Even if all the SaaS across the business is being used (highly unlikely), there are opportunities to add value:

  • Where spend on a particular SaaS subscription becomes material, it’s typically possible to negotiate discounts and bespoke SaaS pricing, even if it looks like the SaaS provider only accepts card payments
  • Even where spend is small, companies can typically save 20% or more by moving from monthly to annual billing
  • Manage SaaS renewals by tracking contract terms, trial expiries and pricing changes

Finally, ensuring there are processes to capture and store invoices for SaaS can reduce SaaS spend by 20%, by simply ensuring the finance team can use the invoices to claim back VAT on the SaaS Subscriptions.

Manage Risk and Compliance for SaaS

For some businesses, like those that need to comply with SOC2 and ISO27001, SaaS management has been essential for a long time. For others, the advent of General Data Protection Regulation (GDPR) and the California Consumer Privacy Act (CCPA) means that managing SaaS has become a more recent requirement.

Whether or not it’s required by regulation, law or compliance, managing SaaS is good risk management in business. Every SaaS product, every login and every user is a potential attack vector that needs to be managed from an information security perspective. Reliance on third-party SaaS vendors for your core product needs to be considered from business continuity and disaster recovery standpoints, and need to be considered how they could affect your company’s adherence to contracted SLAs to your customers.


Three strategies for SAM for SaaS

Today, companies use one of three strategies to manage SaaS in a responsible way. If you think we’ve missed one, let us know on twitter at @CledaraHQ.

1/ Shut the door

If the horse hasn’t already bolted, some companies try to shut the door. This typically means implementing policies that centralise IT decision making and applying the same cumbersome procurement processes to software, whether it’s a £30 per month subscription or a £10 million contract over 5 years. Fortunately, companies doing this are fewer and fewer. Just like most companies have accepted the need for a ‘Bring Your Own Device’ framework, most are beginning to think about how to enable ‘Choose Your Own Software’ policies.


2/ Detect policy breaches

In recent years, there has been a wave of new products like Zylo and Torii that help companies detect SaaS in the company. They monitor network activity, watch browser usage and any number of other things to help IT professionals spot policy breaches. 

The problem with this approach is that it only detects the breach after it has happened. Meanwhile, customer data has potentially been shared to a non-GDPR compliant provider, log in details have been shared with a third party and there are breaches to be recorded in registers and reported to governance structures where they will live forevermore.

This isn’t a great solution. One CIO recently told us that to be effective in his job, he had to “break the entrepreneurial spirit of the organisation” by having people follow procedures instead of showing initiative and moving fast.

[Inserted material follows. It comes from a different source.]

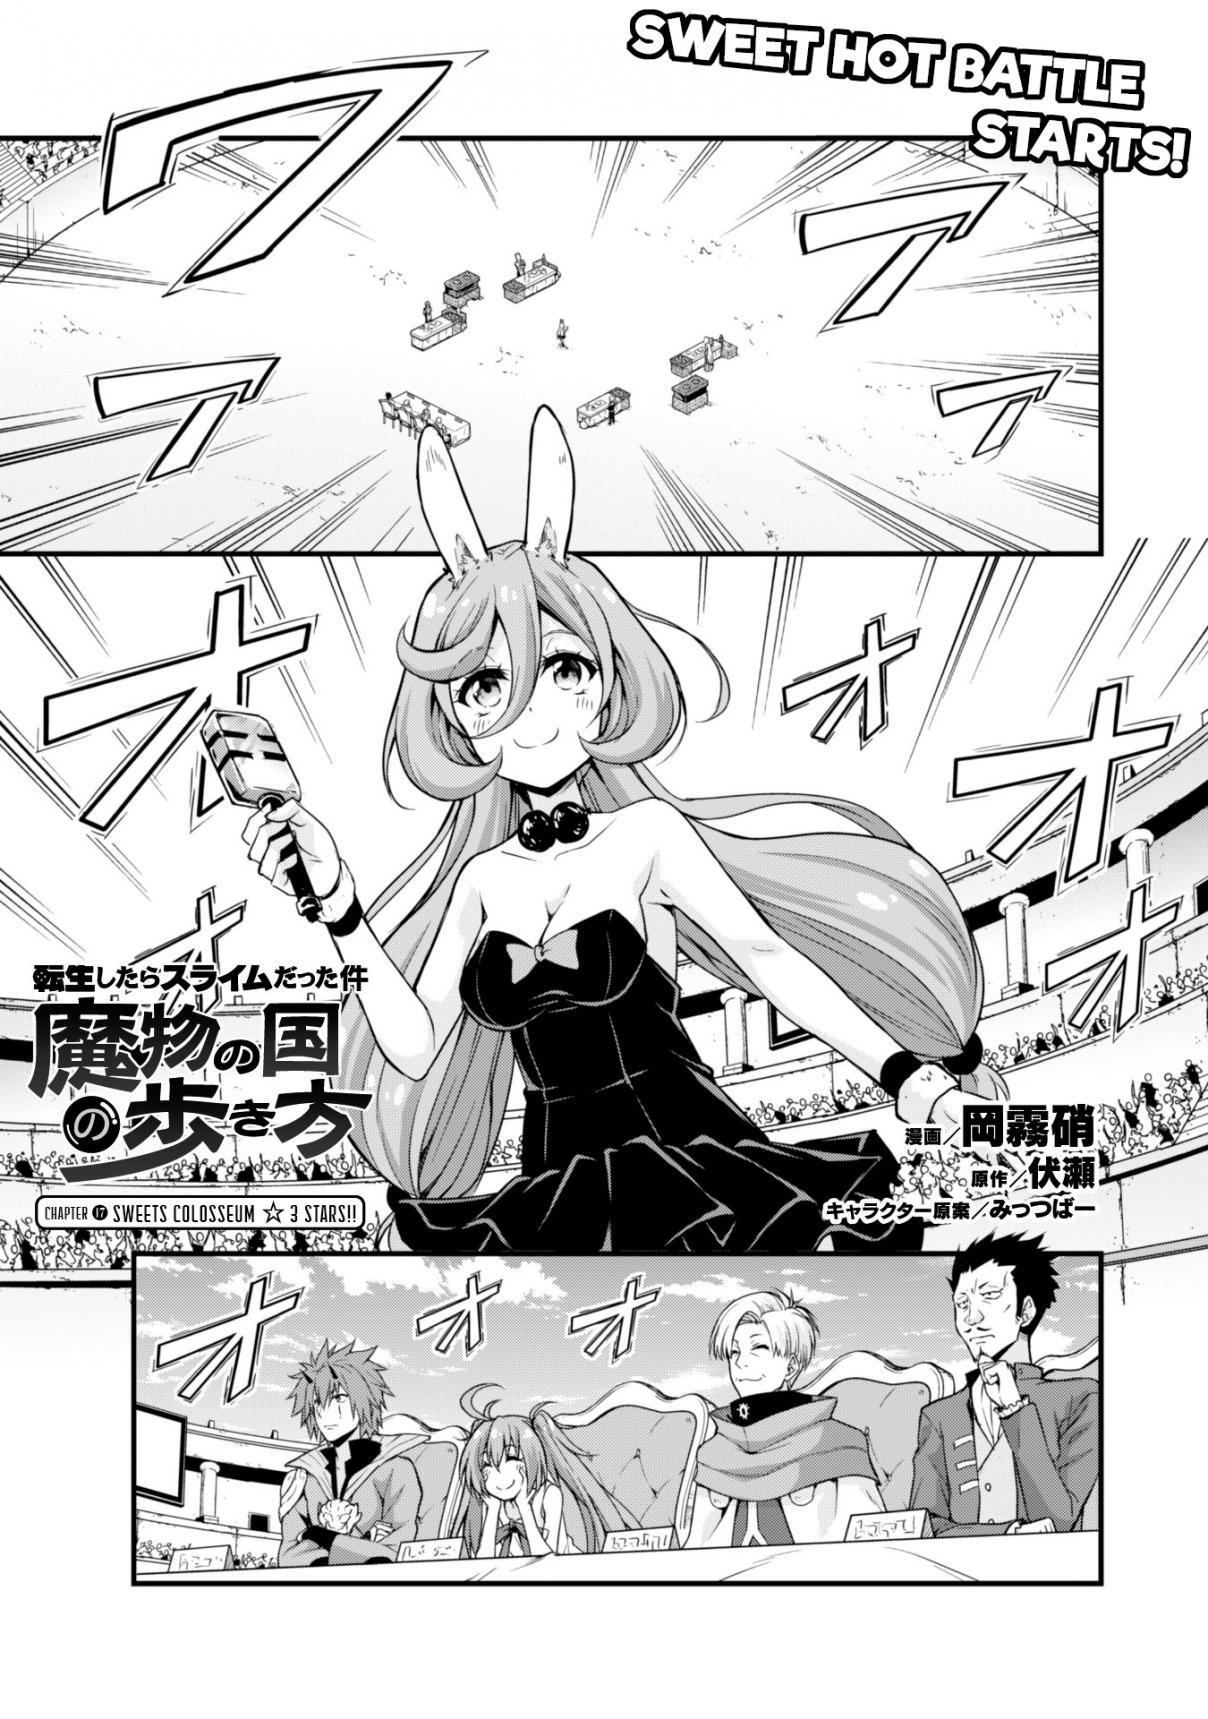 Tensei Shitara Slime Datta Ken: Mamono no Kuni no Arukikata Vol. 3 Ch. 17 Sweets Colosseum ☆ 3 Stars!!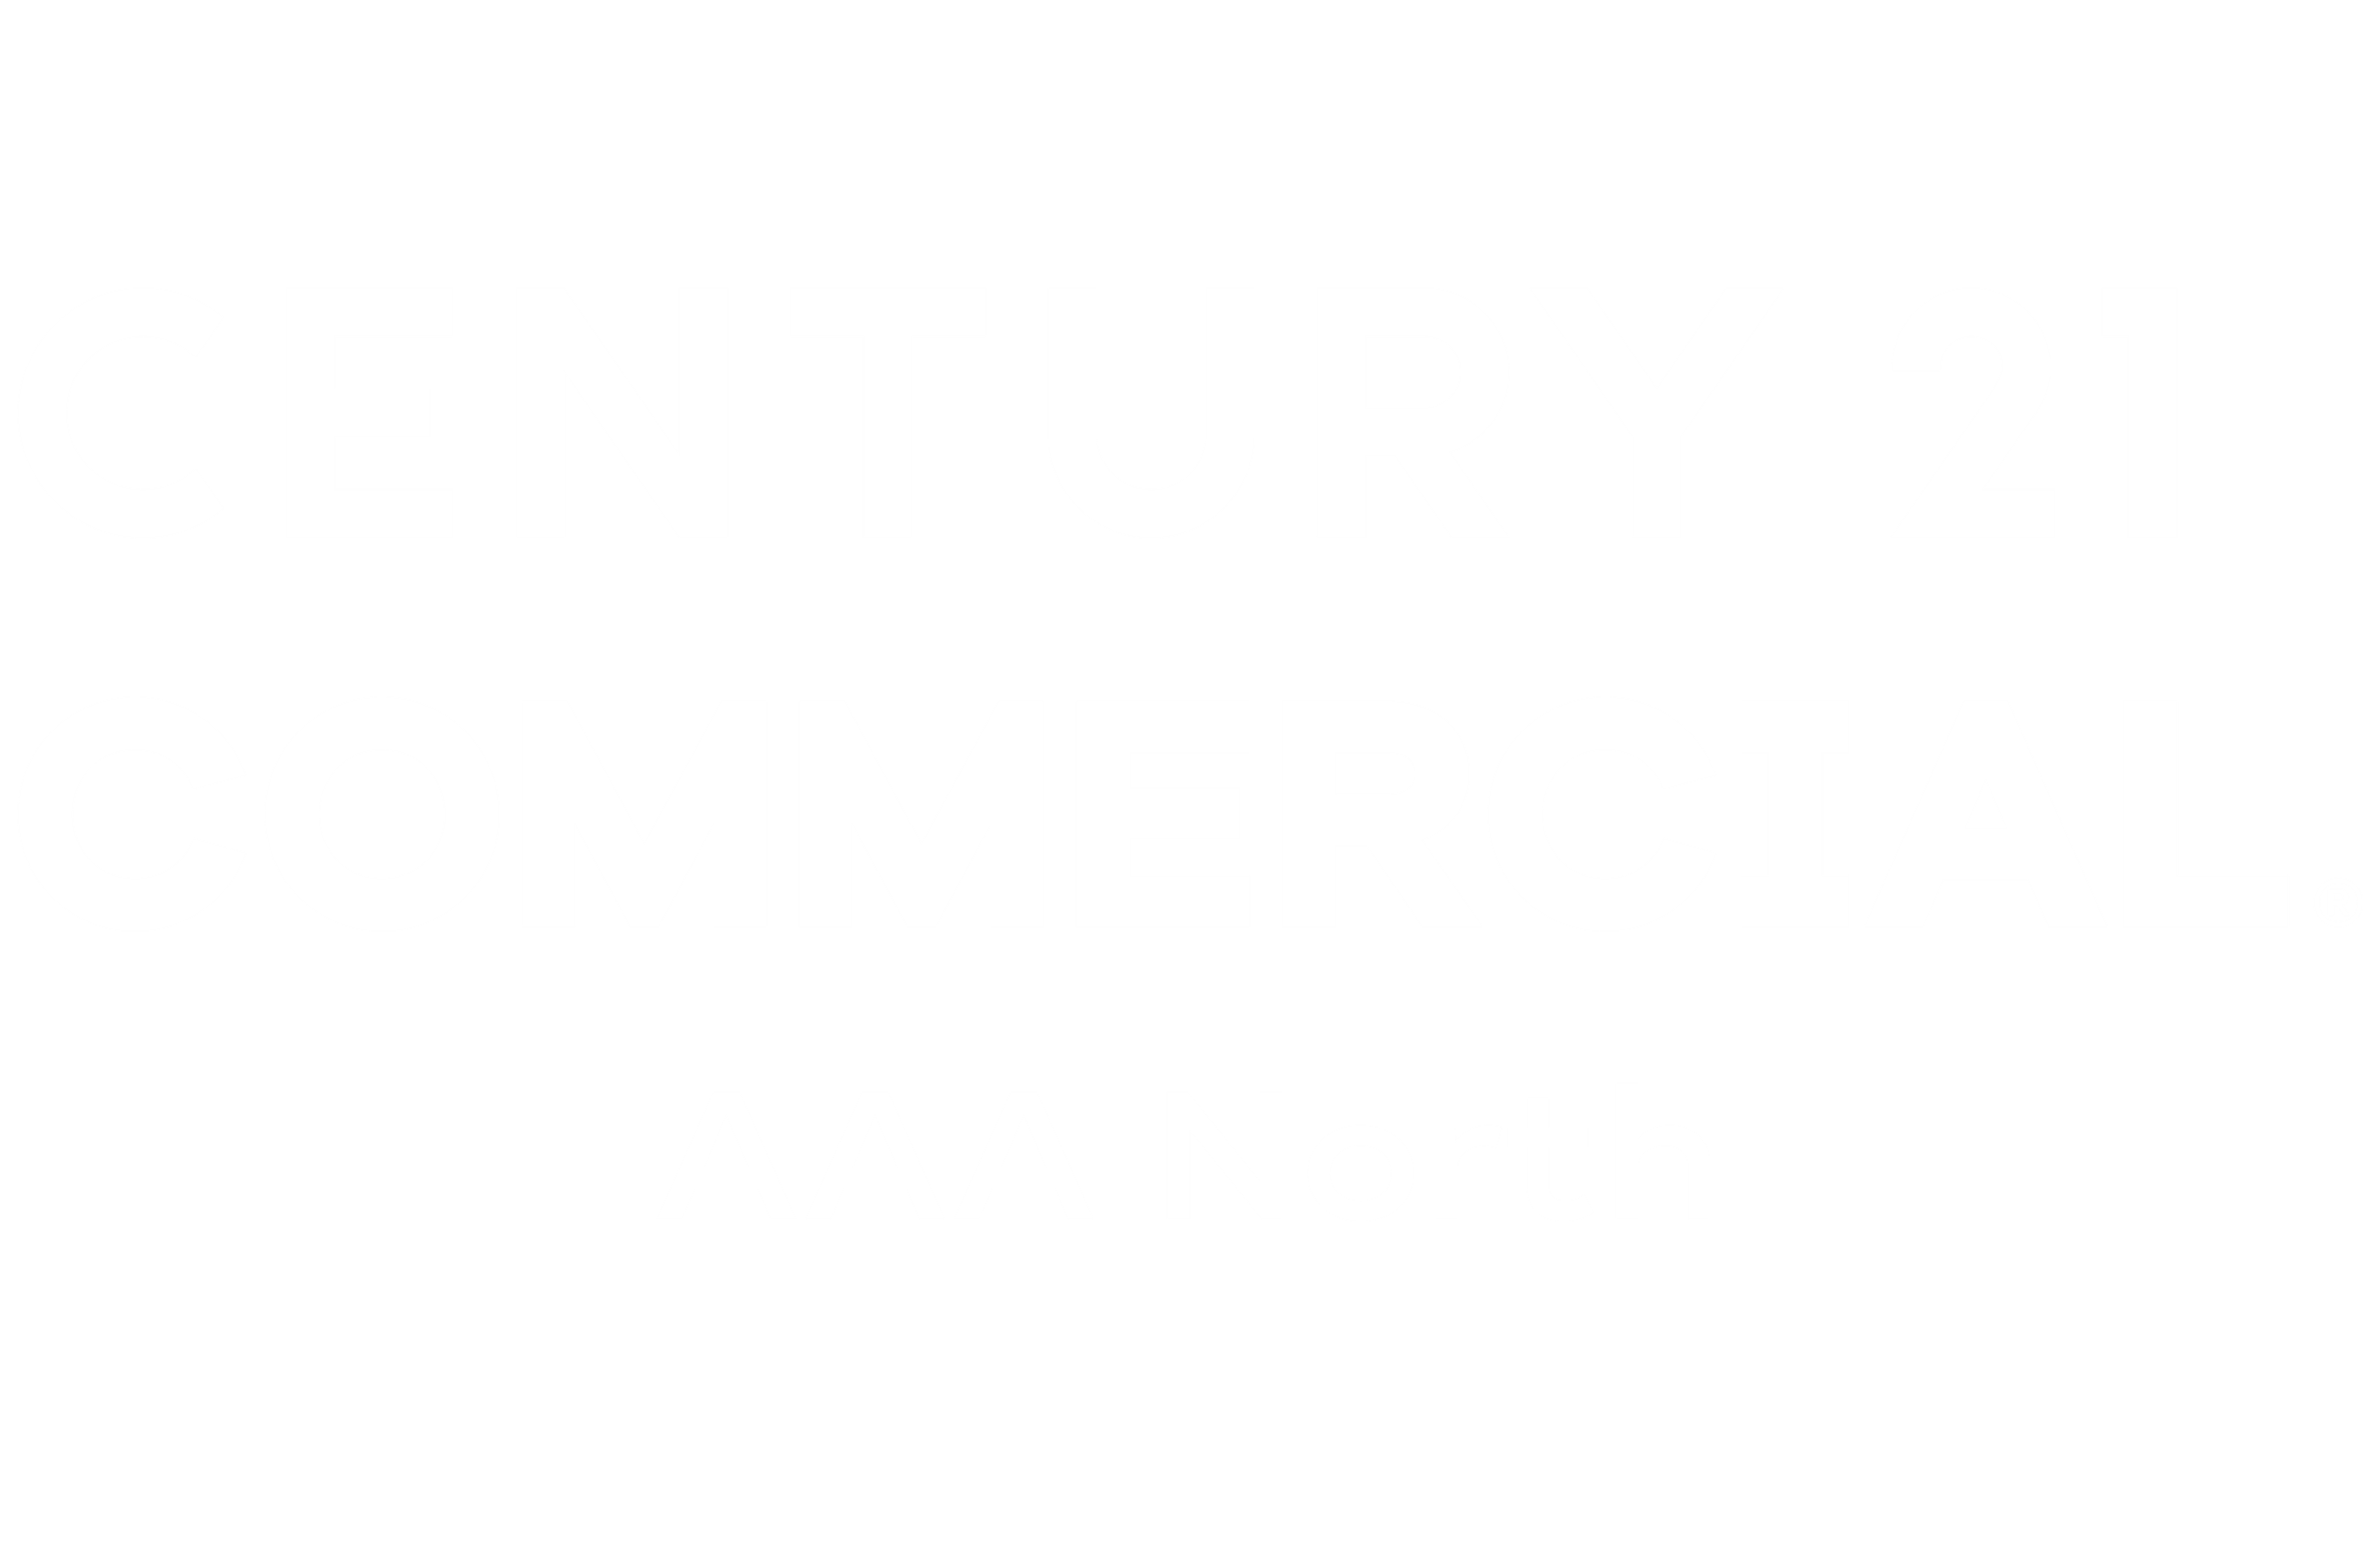 CommercialCenter (1)

3/ Harness your company’s entrepreneurial spirit

SaaS is a new type of software that requires new methodologies to manage. If nearly half of SaaS spend is Shadow IT, despite all the policies that already exist, why not enable people and make it easy for them to comply, instead of punishing them for breaching a policy that doesn’t work?

Taking a risk-based approach to Software Asset Management for SaaS can result in lightweight processes that accelerate companies, manage risk and bring Shadow IT into the light. At Cledara, we believe in making SaaS in a company transparent. By shifting software decisions to the front line and building risk-based controls around what is used, companies can move faster, be safer and be more attractive to employees.